§ HOW TO COMPLETE THIS TASK
Once you reach the line with "Книга Русич Птичьи секреты - фото 1" in the material below, copy each line exactly up to and including the line with "Glossy Paper Box Mockup 49053", and skip the pictures.

§ GIVEN INFORMATION
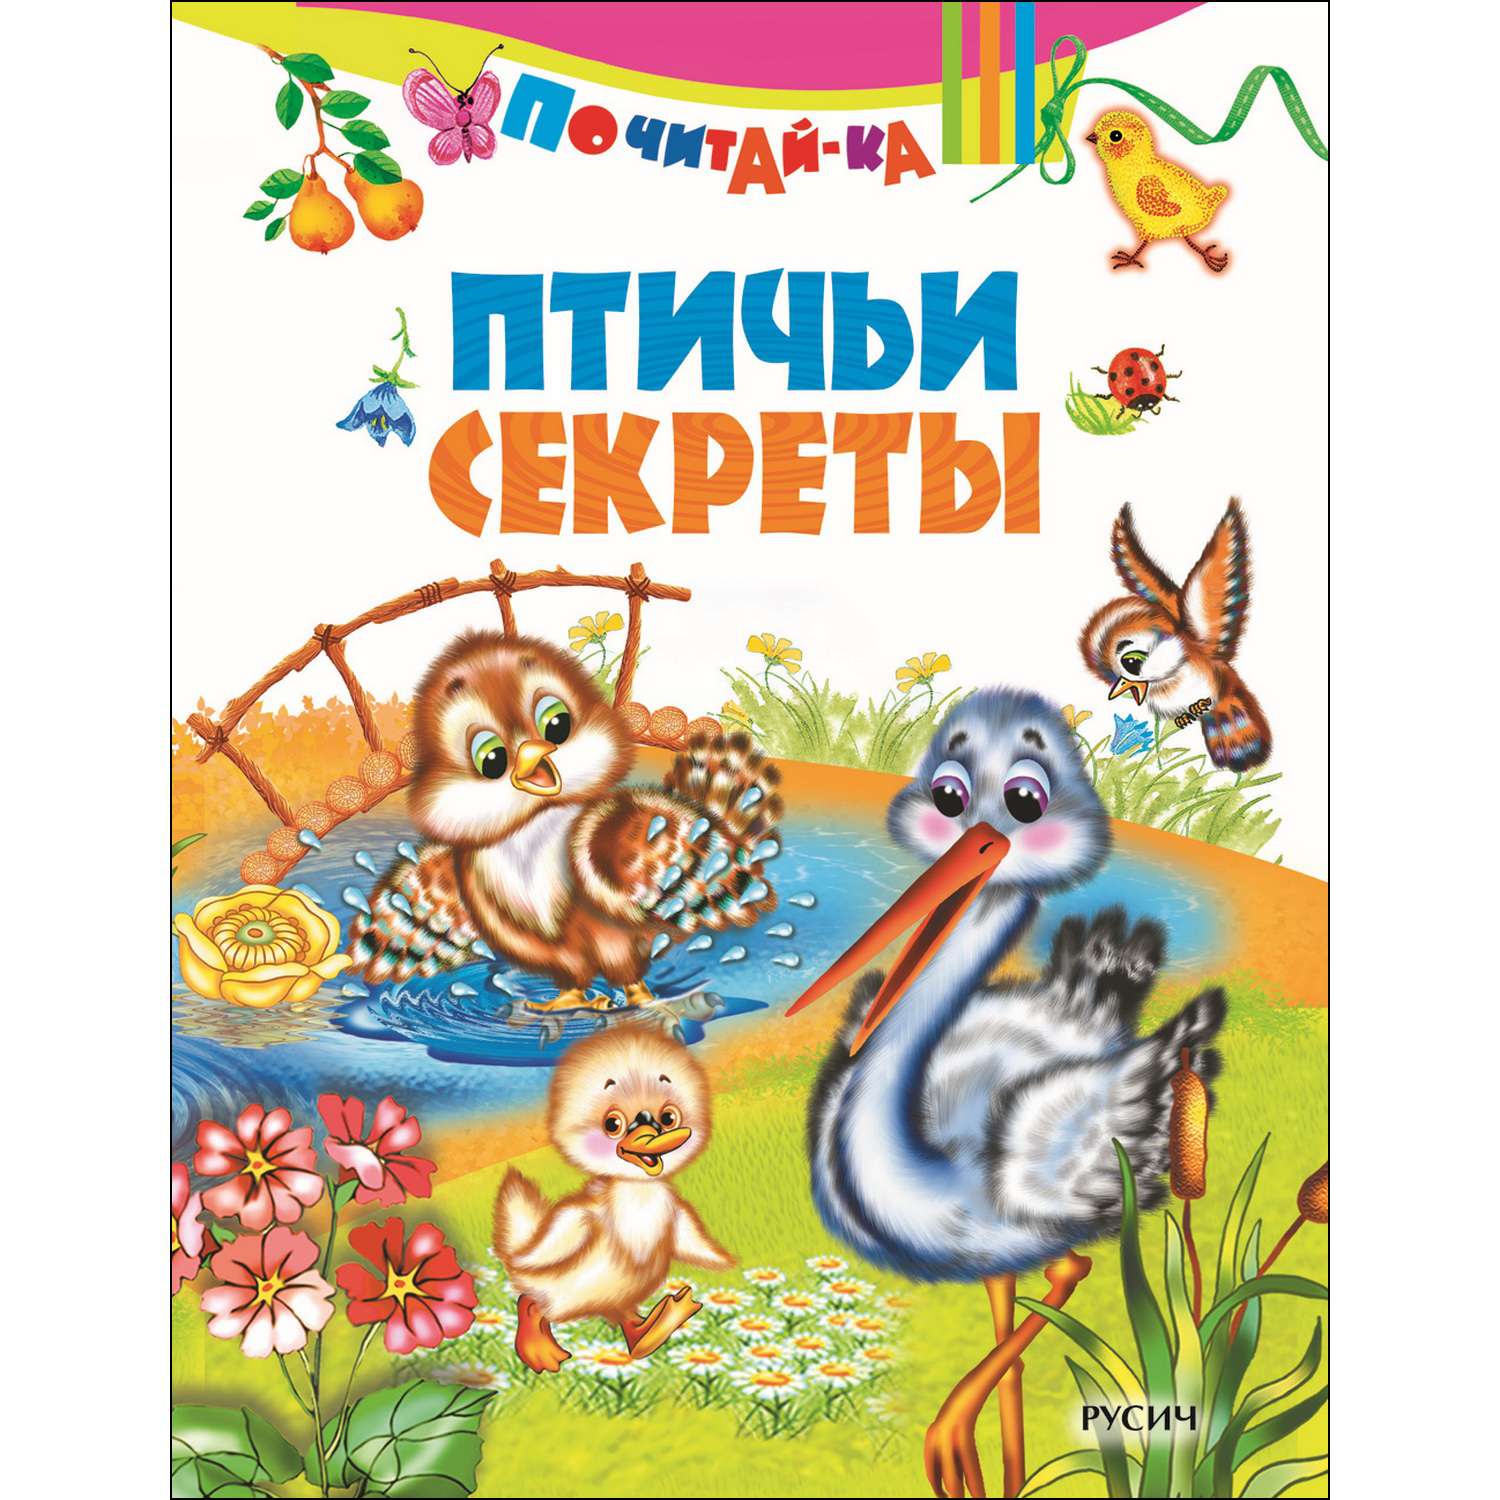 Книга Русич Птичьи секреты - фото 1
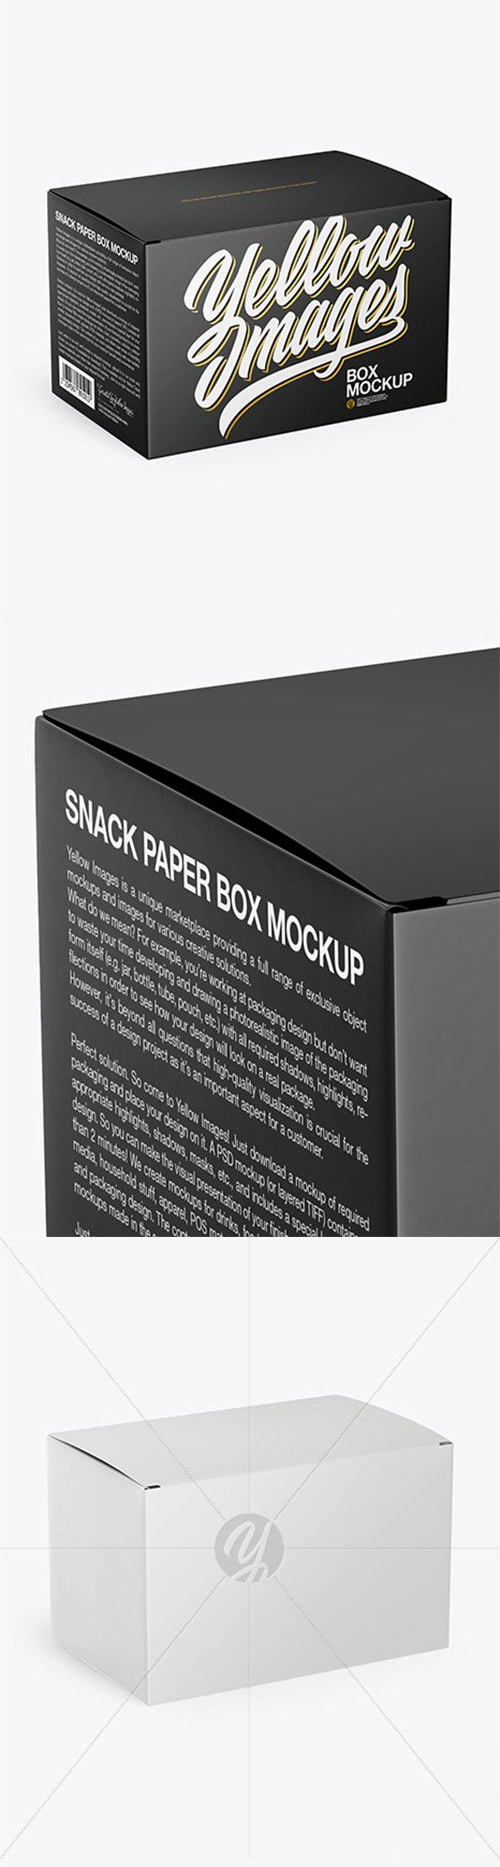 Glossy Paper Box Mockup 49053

...

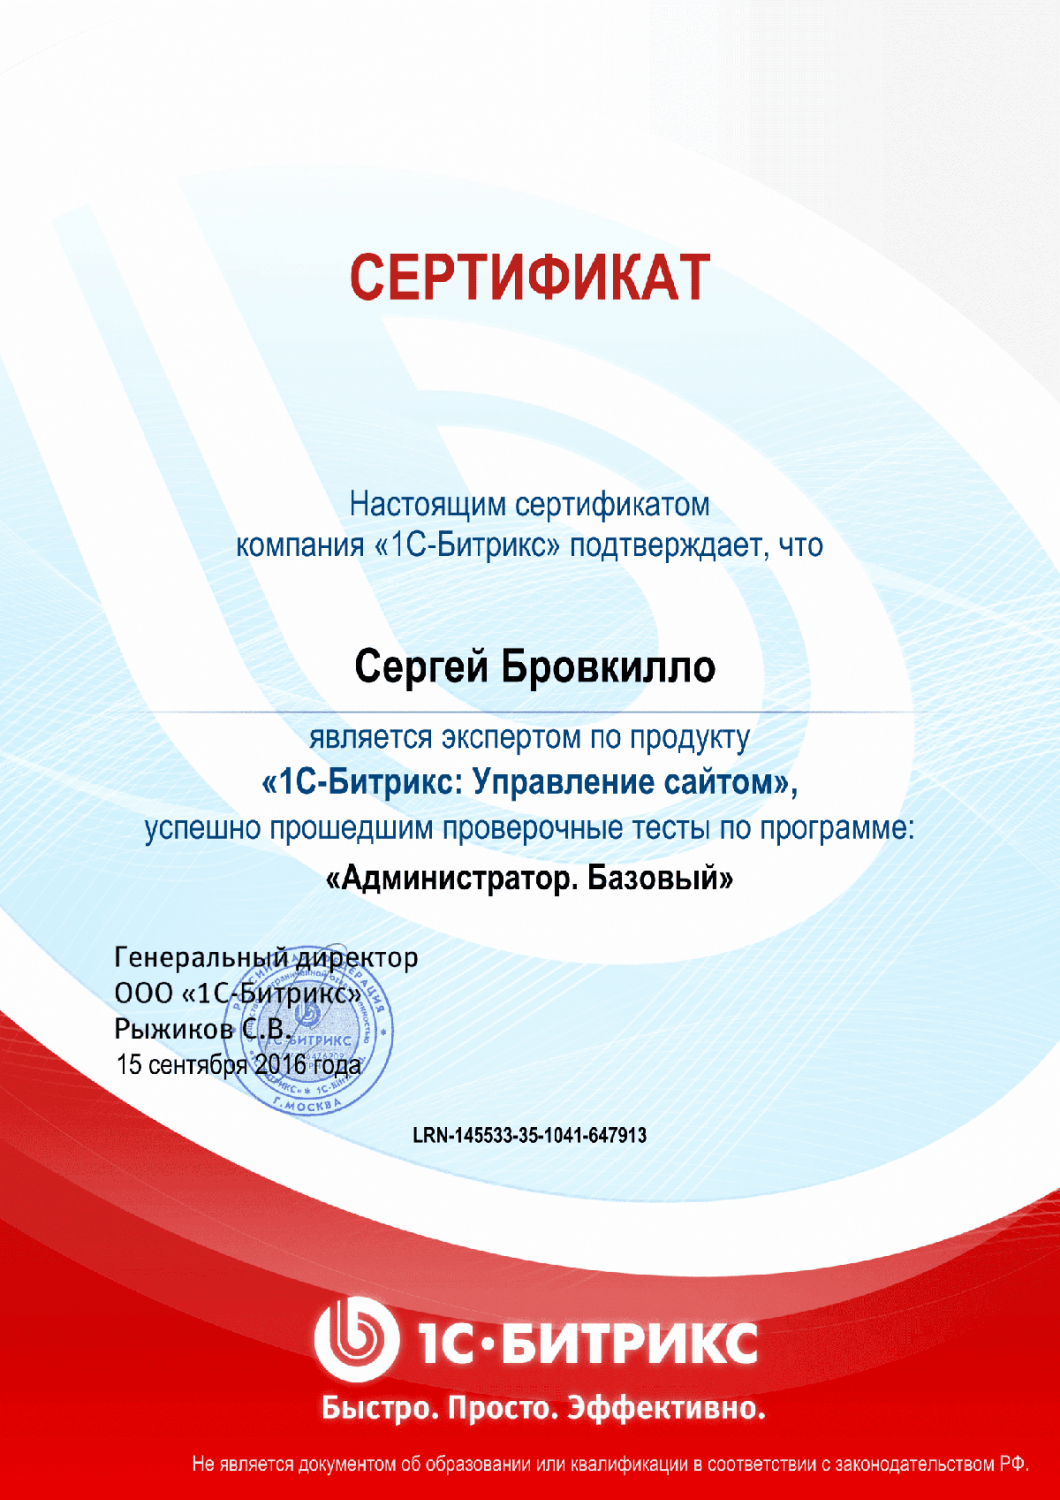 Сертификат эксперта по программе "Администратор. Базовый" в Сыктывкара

...

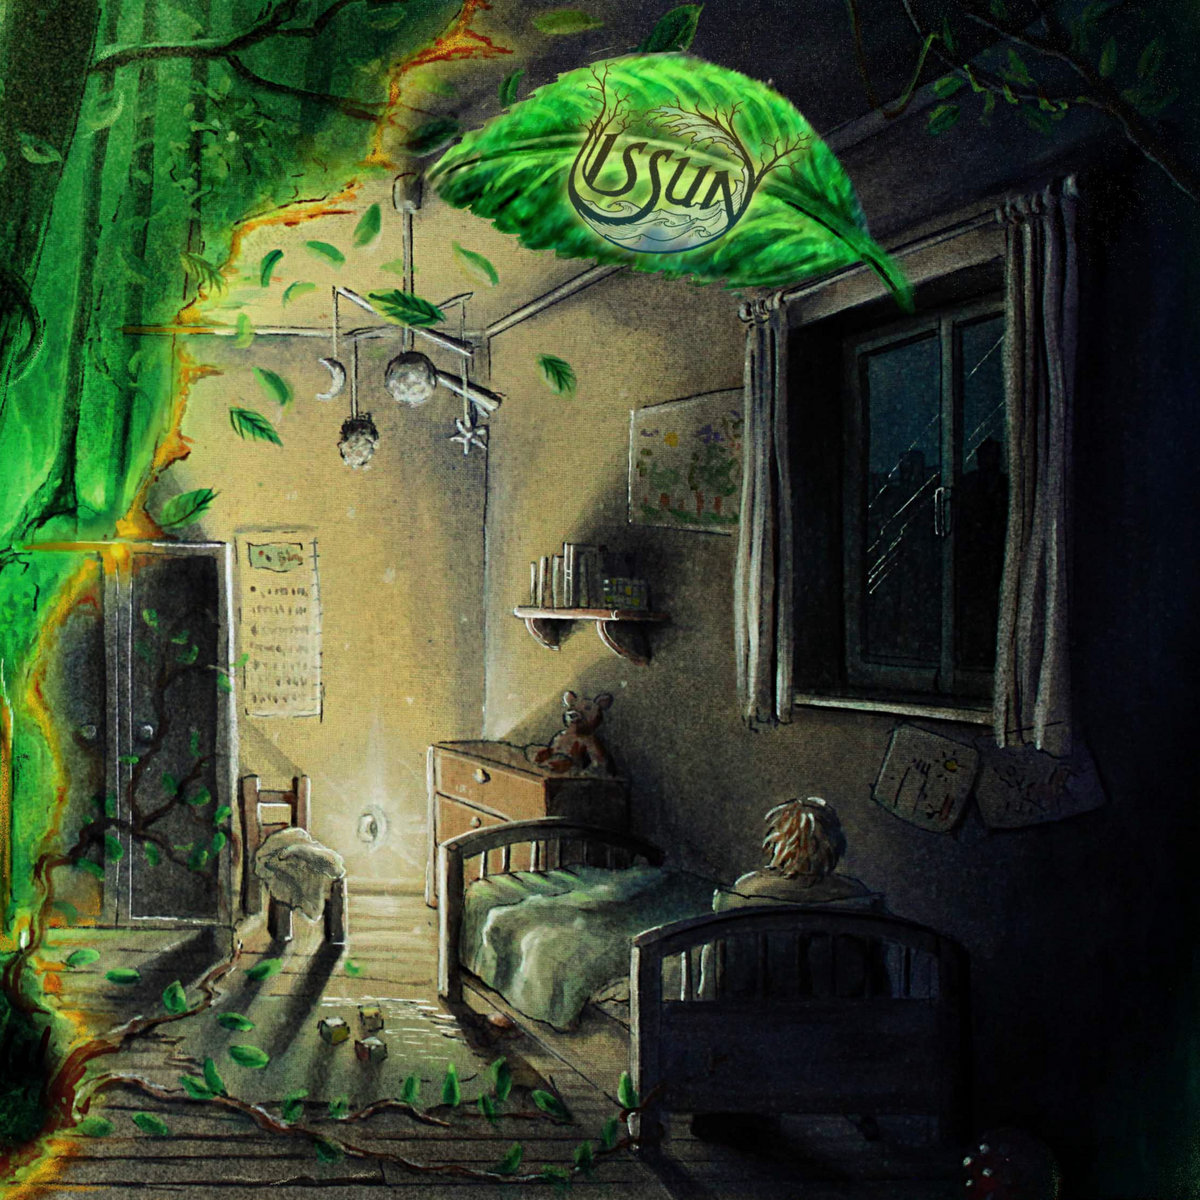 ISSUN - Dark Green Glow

§ SOLUTION BELOW
 Книга Русич Птичьи секреты - фото 1
 Glossy Paper Box Mockup 49053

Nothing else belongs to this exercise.